Fields inherited from interface edu.cmu.sphinx.linguist.Linguist

PROP_FILLER_INSERTION_PROBABILITY, PROP_LANGUAGE_WEIGHT, PROP_SILENCE_INSERTION_PROBABILITY, PROP_UNIT_INSERTION_PROBABILITY, PROP_WORD_INSERTION_PROBABILITY

Constructor Summary

Constructors

Constructor and Description
LexTreeLinguist()
LexTreeLinguist(AcousticModel acousticModel, UnitManager unitManager, LanguageModel languageModel, Dictionary dictionary, boolean fullWordHistories, boolean wantUnigramSmear, double wordInsertionProbability, double silenceInsertionProbability, double fillerInsertionProbability, double unitInsertionProbability, float languageWeight, boolean addFillerWords, boolean generateUnitStates, float unigramSmearWeight, int maxArcCacheSize)

Method Summary

Modifier and Type	Method and Description
void	allocate() Allocates the linguist.
void	deallocate() Deallocates the linguist.
protected void	generateHmmTree()
Dictionary	getDictionary()
LanguageModel	getLanguageModel() Retrieves the language model for this linguist
SearchGraph	getSearchGraph() Retrieves search graph.
void	newProperties(PropertySheet ps) This method is called when this configurable component needs to be reconfigured.
void	startRecognition() Called before a recognition
void	stopRecognition() Called after a recognition

Methods inherited from class java.lang.Object

clone, equals, finalize, getClass, hashCode, notify, notifyAll, toString, wait, wait, wait

Field Detail

PROP_GRAMMAR

@S4Component(type=Grammar.class)
public static final java.lang.String PROP_GRAMMAR

The property that defines the grammar to use when building the search graph

See Also:

Constant Field Values

PROP_ACOUSTIC_MODEL

@S4Component(type=AcousticModel.class)
public static final java.lang.String PROP_ACOUSTIC_MODEL

The property that defines the acoustic model to use when building the search graph

See Also:

Constant Field Values

PROP_UNIT_MANAGER

@S4Component(type=UnitManager.class,
             defaultClass=UnitManager.class)
public static final java.lang.String PROP_UNIT_MANAGER

The property that defines the unit manager to use when building the search graph

See Also:

Constant Field Values

PROP_FULL_WORD_HISTORIES

@S4Boolean(defaultValue=true)
public static final java.lang.String PROP_FULL_WORD_HISTORIES

The property that determines whether or not full word histories are used to determine when two states are equal.

See Also:

Constant Field Values

PROP_LANGUAGE_MODEL

@S4Component(type=LanguageModel.class)
public static final java.lang.String PROP_LANGUAGE_MODEL

The property for the language model to be used by this grammar

See Also:

Constant Field Values

PROP_DICTIONARY

@S4Component(type=Dictionary.class)
public static final java.lang.String PROP_DICTIONARY

The property that defines the dictionary to use for this grammar

See Also:

Constant Field Values

PROP_CACHE_SIZE

@S4Integer(defaultValue=0)
public static final java.lang.String PROP_CACHE_SIZE

The property that defines the size of the arc cache (zero to disable the cache).

See Also:

Constant Field Values

PROP_ADD_FILLER_WORDS

@S4Boolean(defaultValue=false)
public static final java.lang.String PROP_ADD_FILLER_WORDS

The property that controls whether filler words are automatically added to the vocabulary

See Also:

Constant Field Values

PROP_GENERATE_UNIT_STATES

@S4Boolean(defaultValue=false)
public static final java.lang.String PROP_GENERATE_UNIT_STATES

The property to control whether or not the linguist will generate unit states.
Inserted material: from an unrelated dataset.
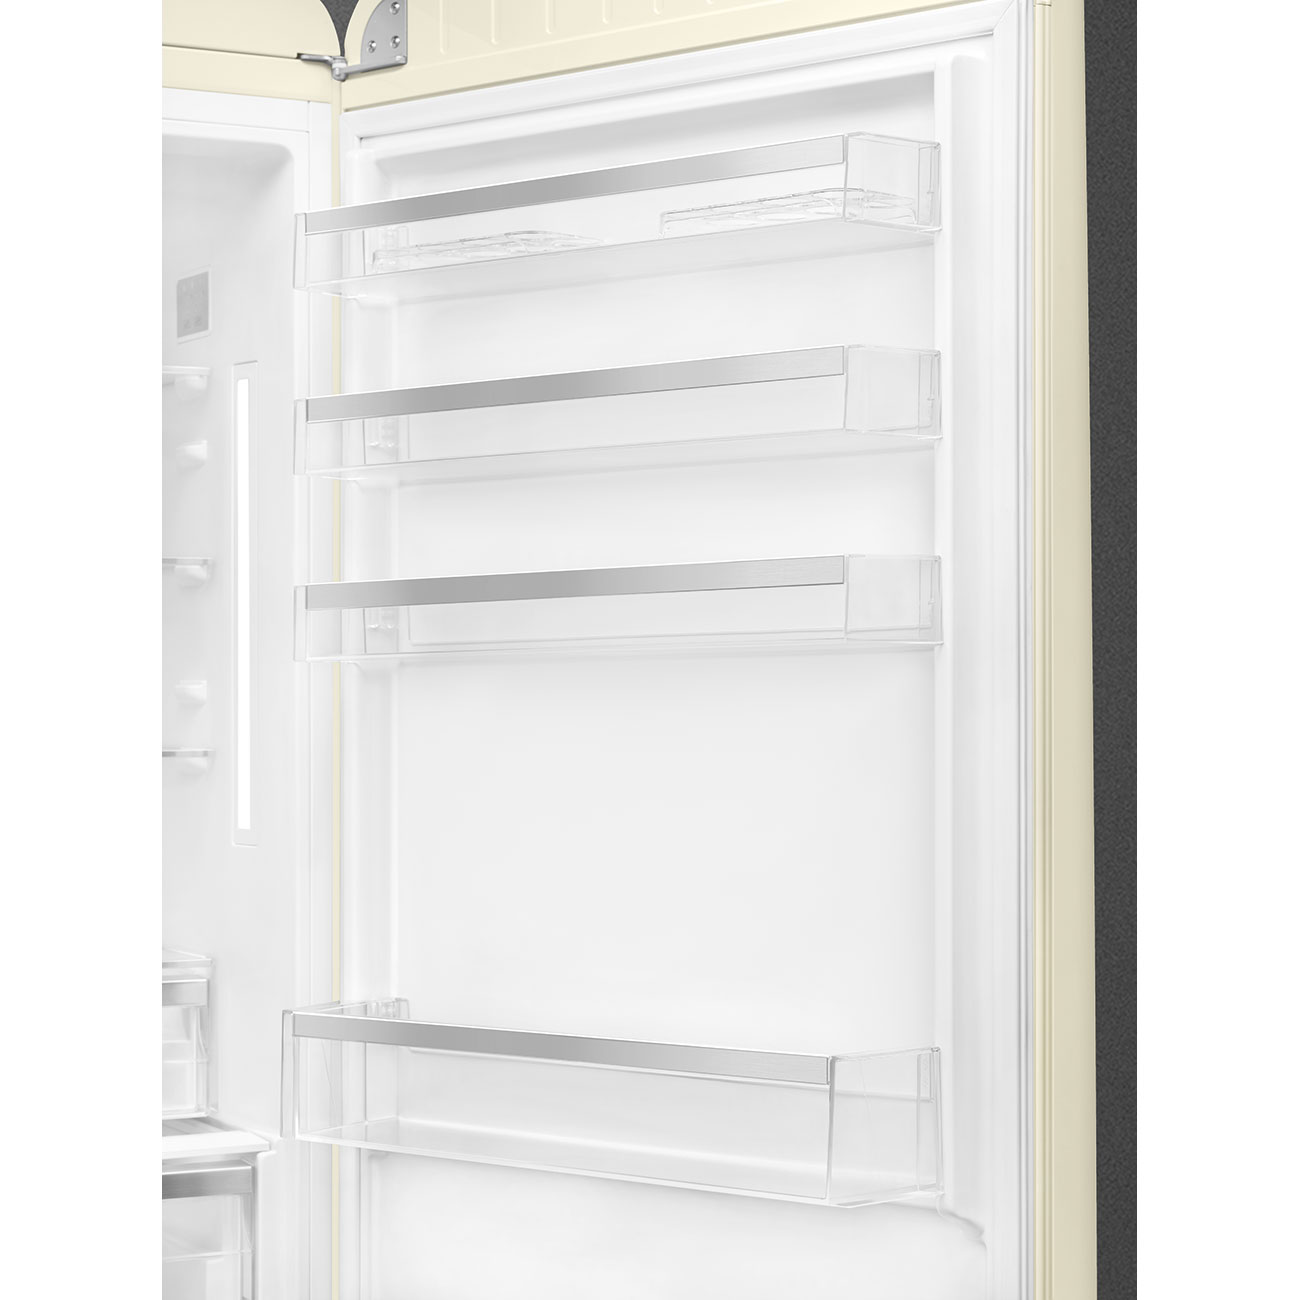 Creme Retro-Kühlschränke von Smeg_8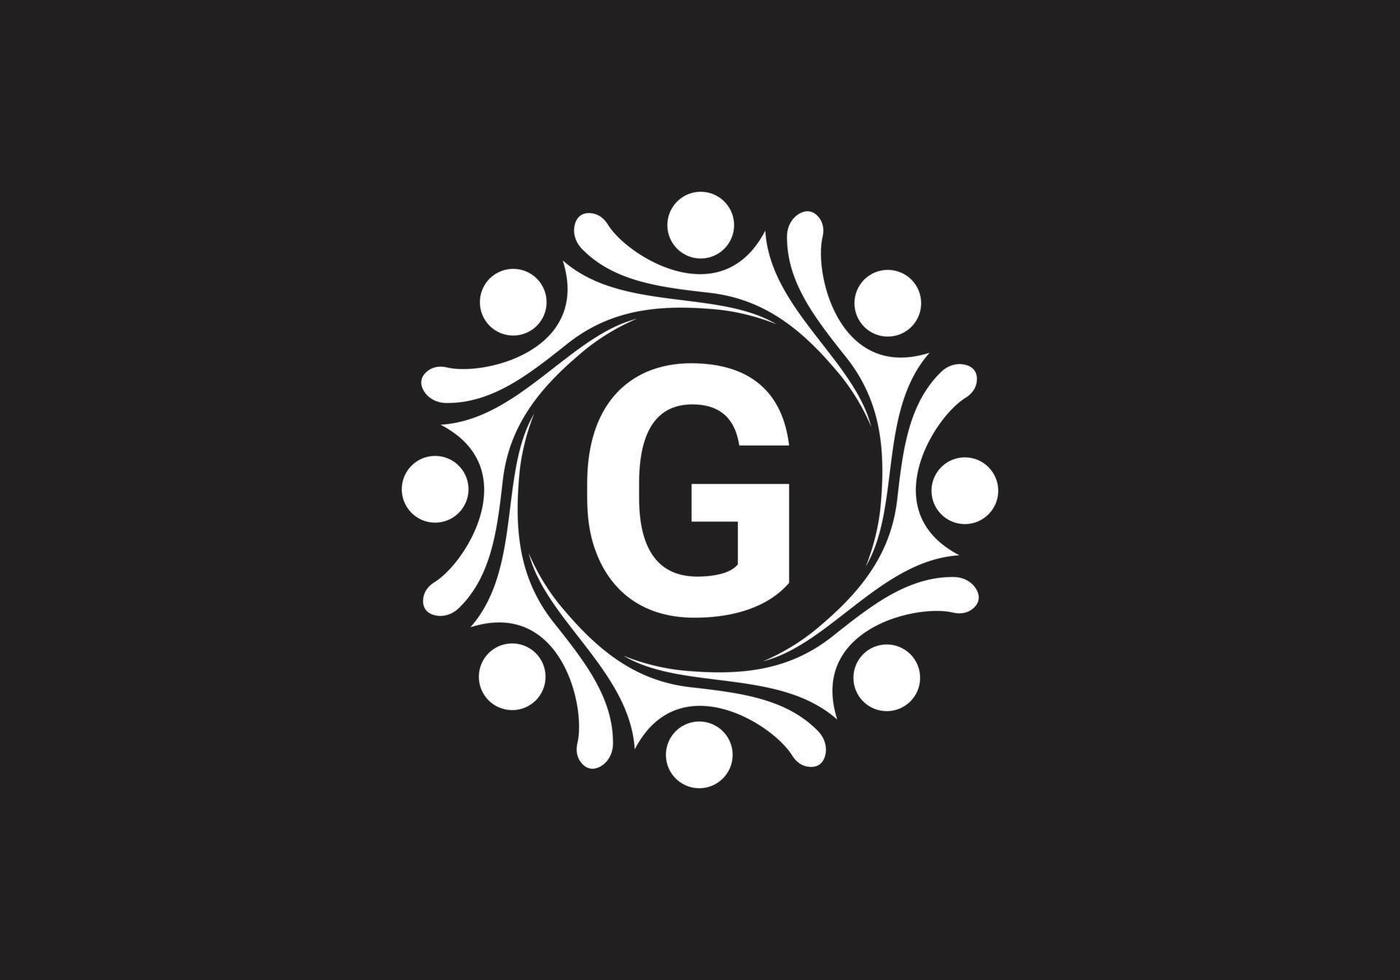 dit is een letter g logo pictogram ontwerp vector

When this property is false the linguist may omit UnitSearchState states. For some search algorithms this will allow for a faster search with more compact results.

See Also:

Constant Field Values

PROP_WANT_UNIGRAM_SMEAR

@S4Boolean(defaultValue=true)
public static final java.lang.String PROP_WANT_UNIGRAM_SMEAR

The property that determines whether or not unigram probabilities are smeared through the lextree. During the expansion of the tree the language probability could be only calculated when we reach word end node. Until that point we need to keep path alive and give it some language probability. See Alleva, F., Huang, X. and Hwang, M.-Y., "Improvements on the pronunciation prefix tree search organization", Proceedings of ICASSP, pp. 133-136, Atlanta, GA, 1996. for the description of this technique.

See Also:

Constant Field Values

PROP_UNIGRAM_SMEAR_WEIGHT

@S4Double(defaultValue=1.0)
public static final java.lang.String PROP_UNIGRAM_SMEAR_WEIGHT

The property that determines the weight of the smear. See PROP_WANT_UNIGRAM_SMEAR

See Also:

Constant Field Values

addFillerWords

protected boolean addFillerWords

languageWeight

protected float languageWeight

hmmTree

protected edu.cmu.sphinx.linguist.lextree.HMMTree hmmTree

Constructor Detail

LexTreeLinguist

public LexTreeLinguist(AcousticModel acousticModel,
                       UnitManager unitManager,
                       LanguageModel languageModel,
                       Dictionary dictionary,
                       boolean fullWordHistories,
                       boolean wantUnigramSmear,
                       double wordInsertionProbability,
                       double silenceInsertionProbability,
                       double fillerInsertionProbability,
                       double unitInsertionProbability,
                       float languageWeight,
                       boolean addFillerWords,
                       boolean generateUnitStates,
                       float unigramSmearWeight,
                       int maxArcCacheSize)

LexTreeLinguist

public LexTreeLinguist()

Method Detail

newProperties

public void newProperties(PropertySheet ps)
                   throws PropertyException

Description copied from interface: Configurable

This method is called when this configurable component needs to be reconfigured.

Specified by:

newProperties in interface Configurable

Parameters:

ps - a property sheet holding the new data

Throws:

PropertyException - if there is a problem with the properties.

allocate

public void allocate()
              throws java.io.IOException

Description copied from interface: Linguist

Allocates the linguist. Resources allocated by the linguist are allocated here. This method may take many seconds to complete depending upon the linguist.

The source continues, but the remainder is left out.